On se compare avec les Français dont la langue serait bien plus parfaite.
On se console, en se disant que ces cousins utilisent plus de mots anglais.
On répète aux enfants que le français est une langue difficile, avec ses exceptions, ses problèmes de prononciation, son féminin et son masculin, ses mots composés, ses temps verbaux…

 

Évidemment, apprendre une langue, quelle qu’elle soit, exige des efforts, que ce soit dans la subtilité de sa prononciation (vietnamien, birman), dans ses formes verbales infinies (hongrois), dans son orthographe (angstskrig en danois), dans l’étendue de son vocabulaire (russe), dans l’irrégularité de sa grammaire (géorgien), dans le nombre de caractères écrits (plusieurs langues asiatiques).

 

Lorsque les jeunes expliquent ce qu’est pour eux le français, ils ne parlent que de règles grammaticales, d’orthographe, de syntaxe.
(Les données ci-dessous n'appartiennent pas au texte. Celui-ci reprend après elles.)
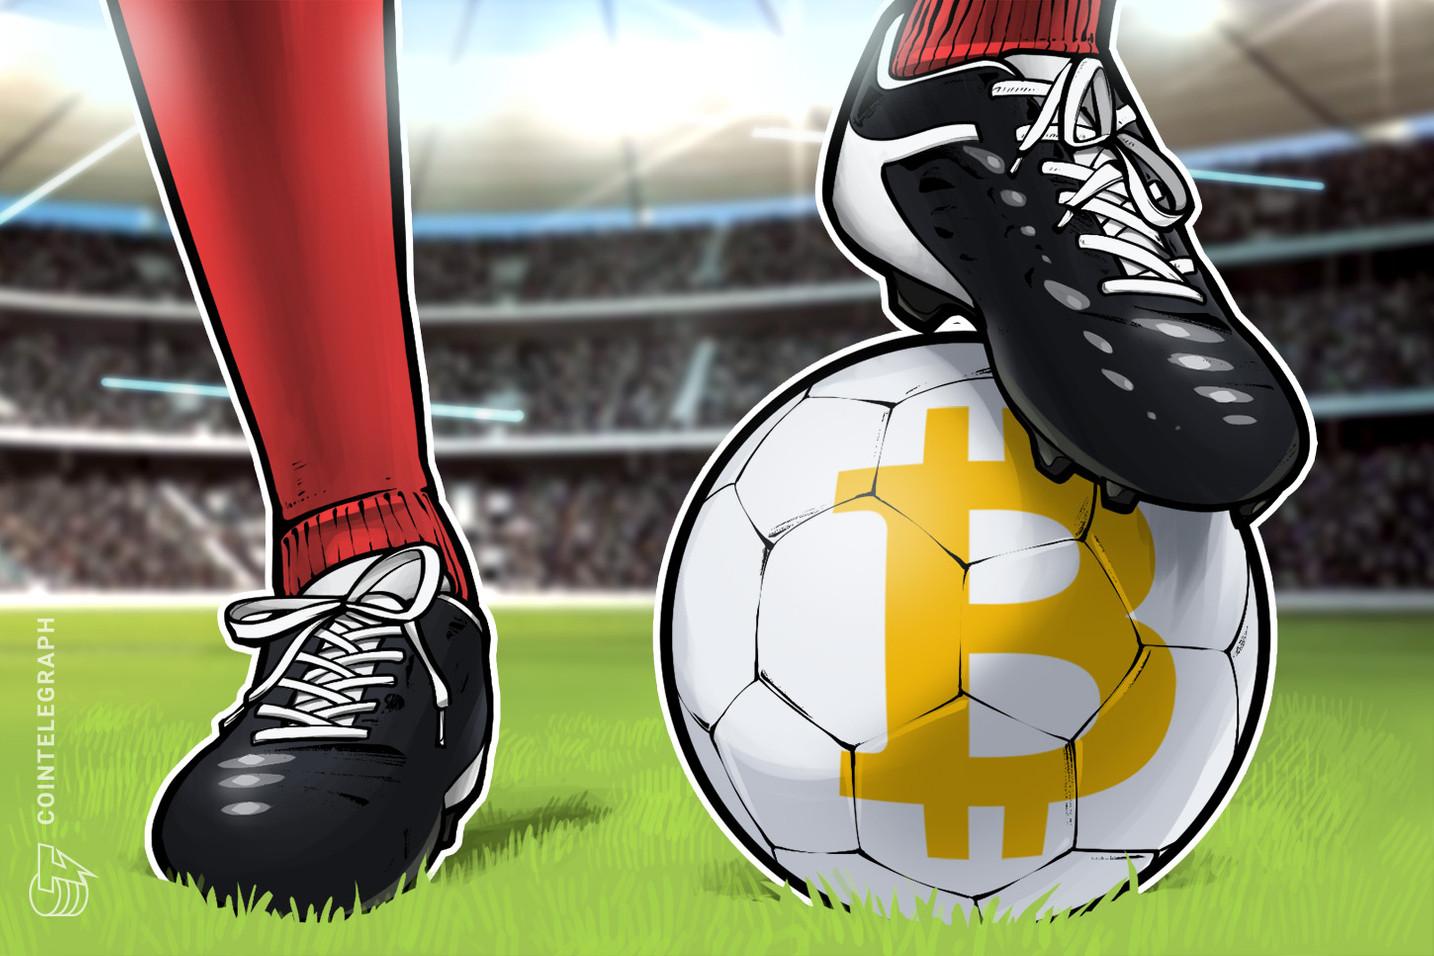 La squadra di calcio olandese AZ Alkmaar deterrà Bitcoin e pagherà i propri giocatori in BTC

Bref, d’un idéal inaccessible. N’est-ce pas là une erreur en soi? Ne leur apprend-on pas sa richesse, son intérêt?

 

On oublie que la langue est belle, qu’elle permet de se faire comprendre, de se faire entendre, dans toutes les nuances d’émotions possibles.

 

On omet de dire que le français est vivant, et non statique comme un cadre sur le mur. La langue est en constante évolution grâce aux nouvelles technologies, entre autres, et aux néologismes dont le Québec est friand.


On insiste sur les exceptions, plutôt que sur les règles qui sont, ma foi, plutôt logiques. On ne mentionne pas l’extraordinaire histoire de son évolution et de sa pérennité.


Certes, la langue française est complexe, mais d’abord merveilleuse et surprenante. Elle mérite d’être défendue, bien sûr, d’être bien apprise, mais surtout d’être aimée et appréciée, dans ses plus infimes subtilités. Il est du devoir des parents et des enseignants de faire découvrir toutes les beautés de la langue française, et ce, qu’elle soit parlée, chantée, slamée, écrite, etc. L’avenir de notre culture francophone réside dans l’amour que les futures générations porteront au français et qu’ils défendront bec et ongle.

 

 

C’est une langue belle à qui sait la défendre
Elle offre des trésors de richesse infinie
Les mots qui nous manquaient pour pouvoir nous comprendre
Et la force qu’il faut pour vivre en harmonie

 

Quelques trucs pour découvrir et aimer la langue française…
en étant toujours curieux du monde qui nous entoure, du nom précis de chaque chose;
en s’amusant avec les mots par des jeux divers (Scrabble, Boggle, Mots Mêlés, Anagram Plus…);
en lisant une variété de textes, autant des documentaires que des essais ou de la poésie, même des ouvrages sur la langue (ceux d’Henriette Walter sont particulièrement intéressants);
en écoutant des chansons… francophones, bien sûr!
en s’intéressant à l’histoire des mots (pour les enfants, Schlick de François Gravel);
en parcourant les pages roses d’un certain dictionnaire pour connaître de nouvelles expressions et citations.